▶ **AIM OF THE TASK**
Could the data below please be reproduced word for word, without the pictures?

▶ **SUPPLIED INFORMATION**
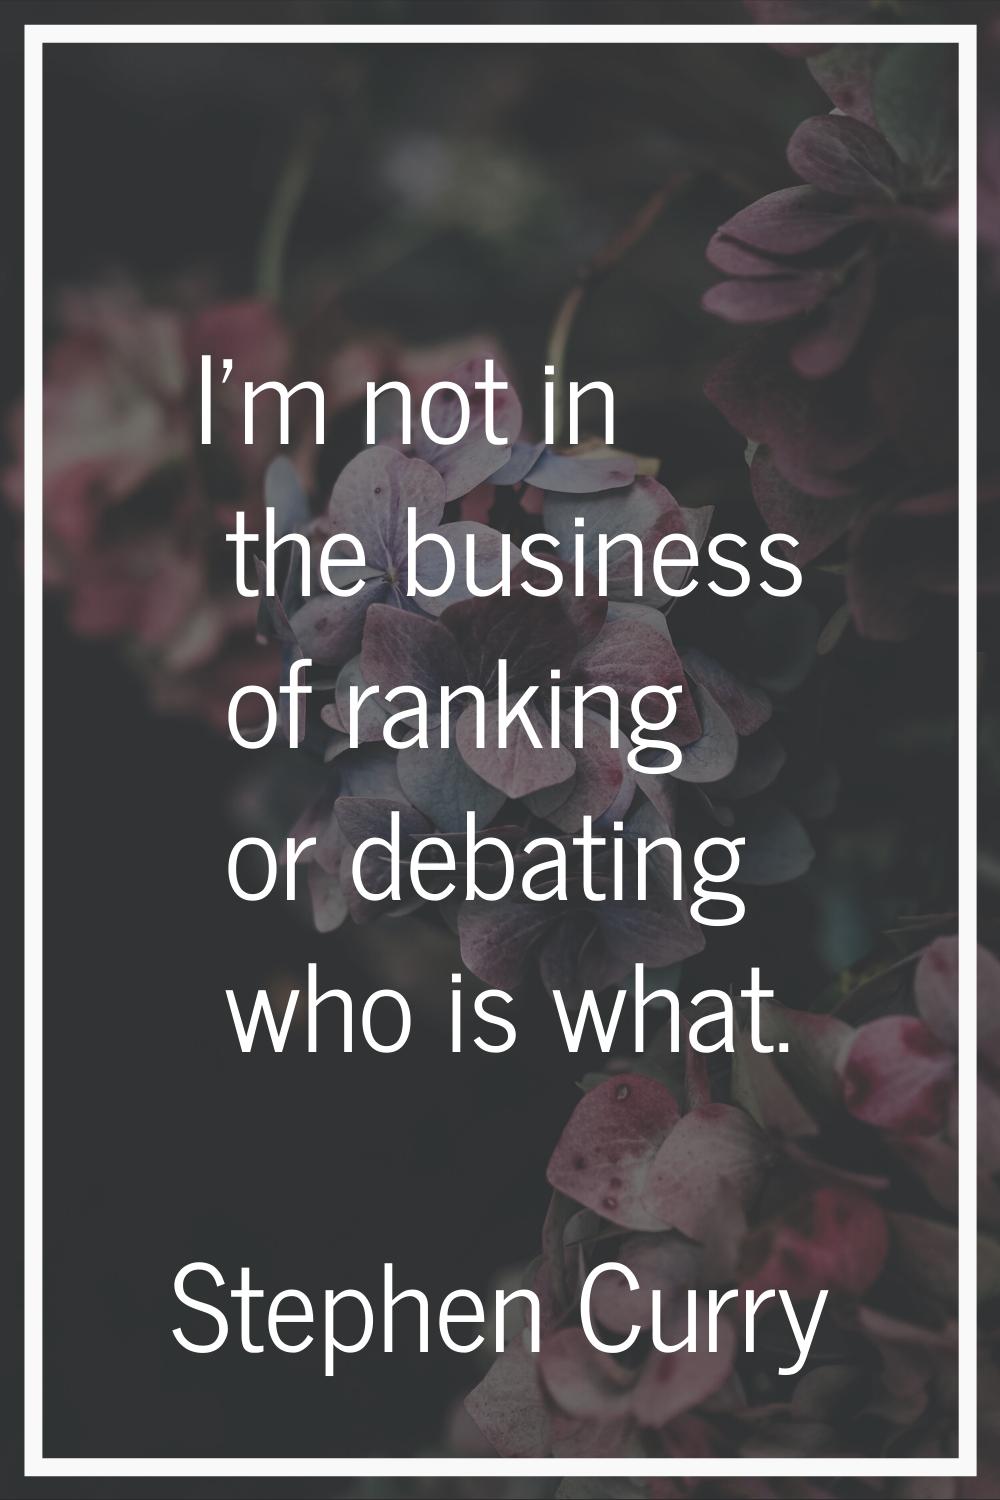 I'm not in the business of ranking or debating who is what.
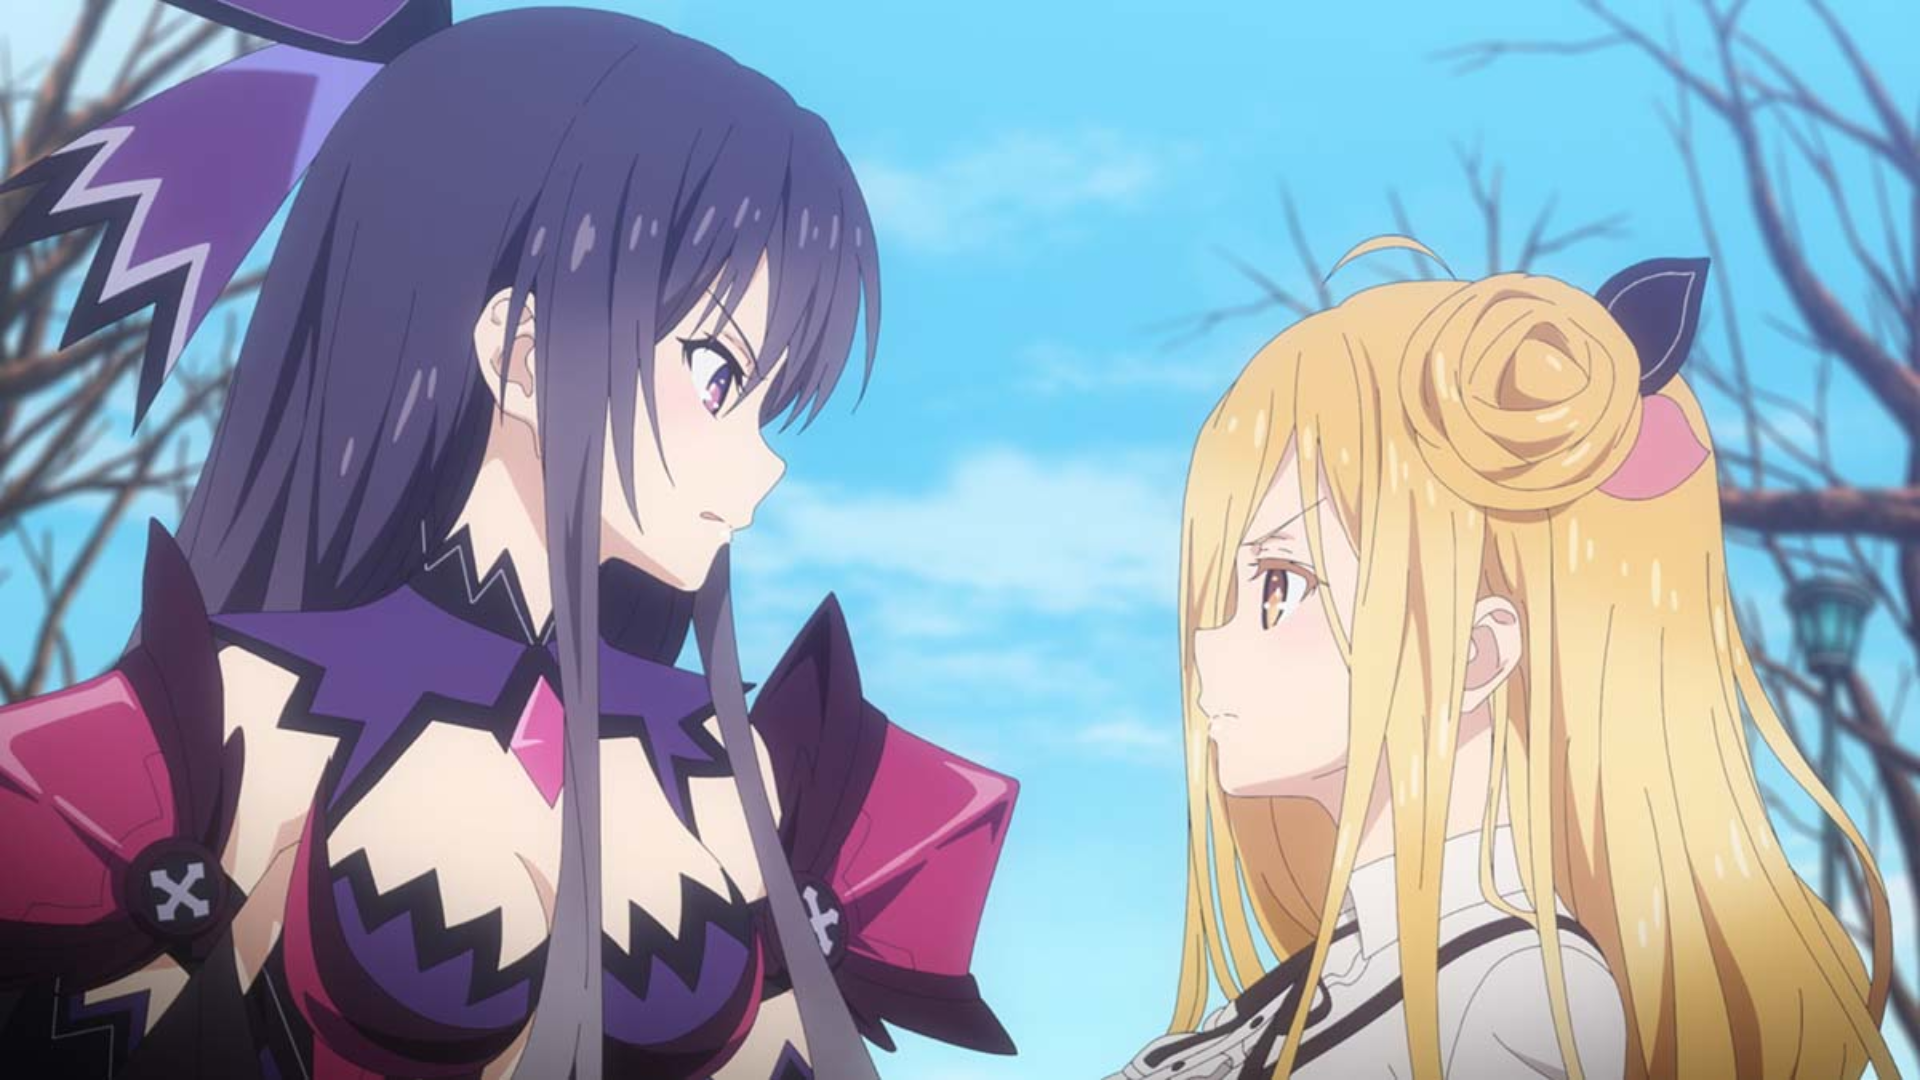 Date a Live IV Episode 7 Preview Images Released - Anime Corner
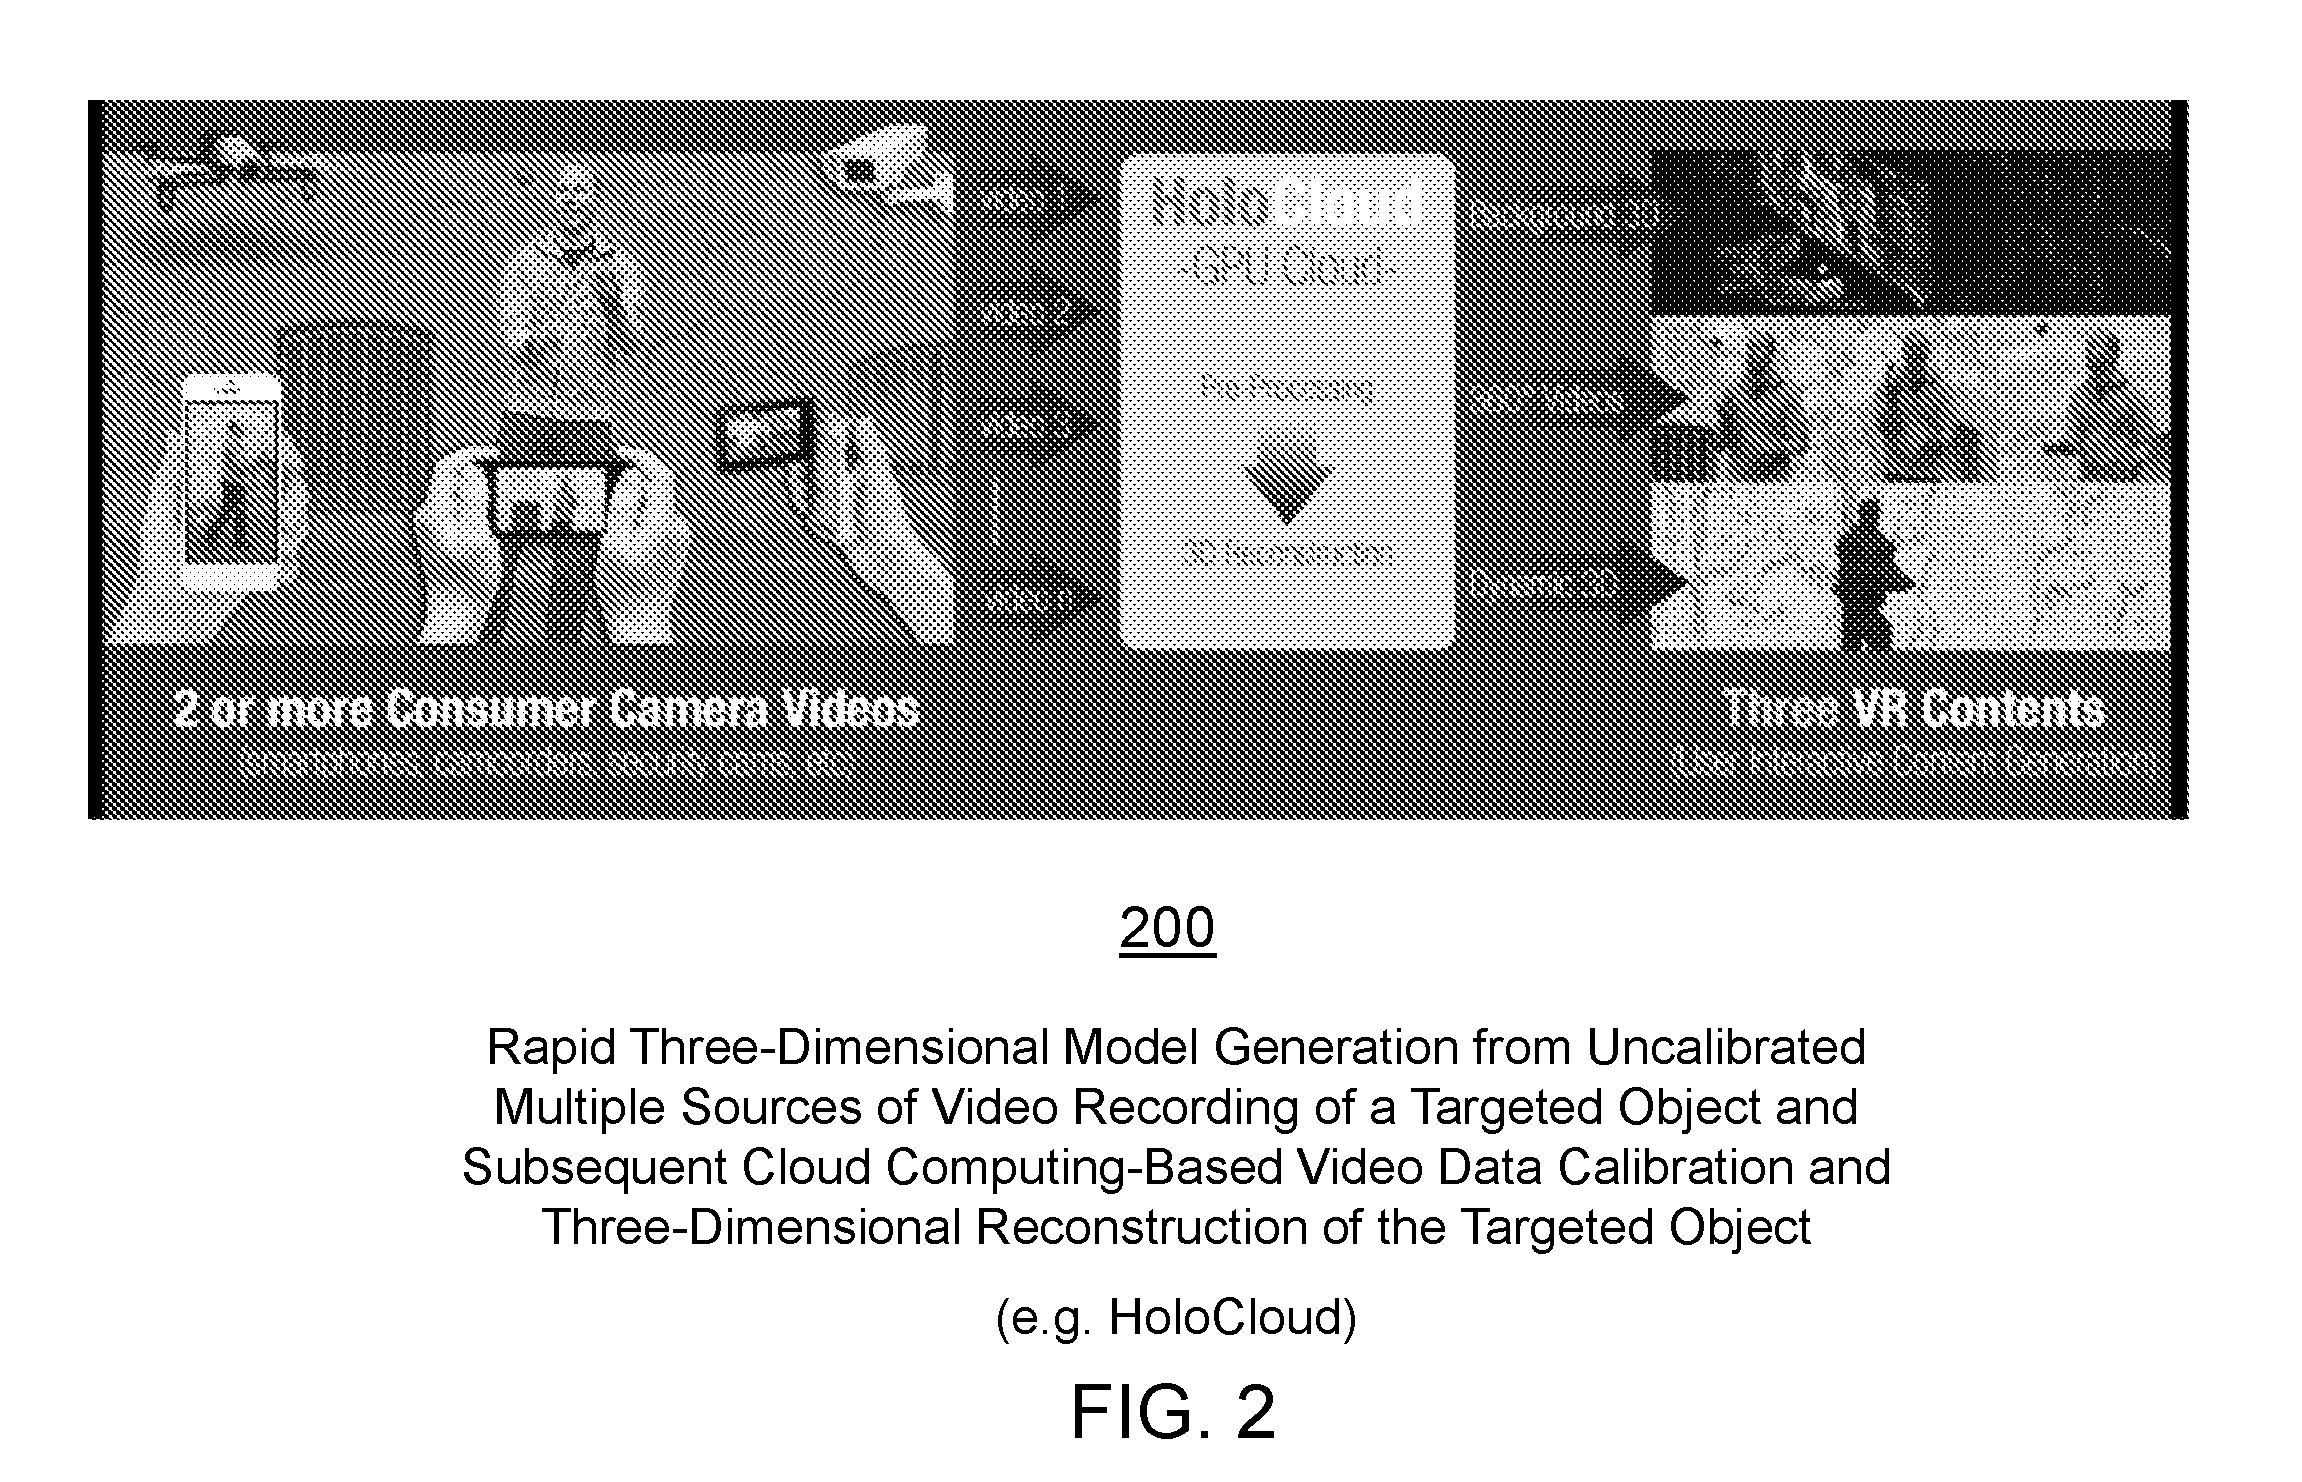 Real-Time 3D Virtual or Physical Model Generating Apparatus for HoloPortal and HoloCloud System

▶ **FINAL ANSWER**
 I'm not in the business of ranking or debating who is what.
 Date a Live IV Episode 7 Preview Images Released - Anime Corner
 Real-Time 3D Virtual or Physical Model Generating Apparatus for HoloPortal and HoloCloud System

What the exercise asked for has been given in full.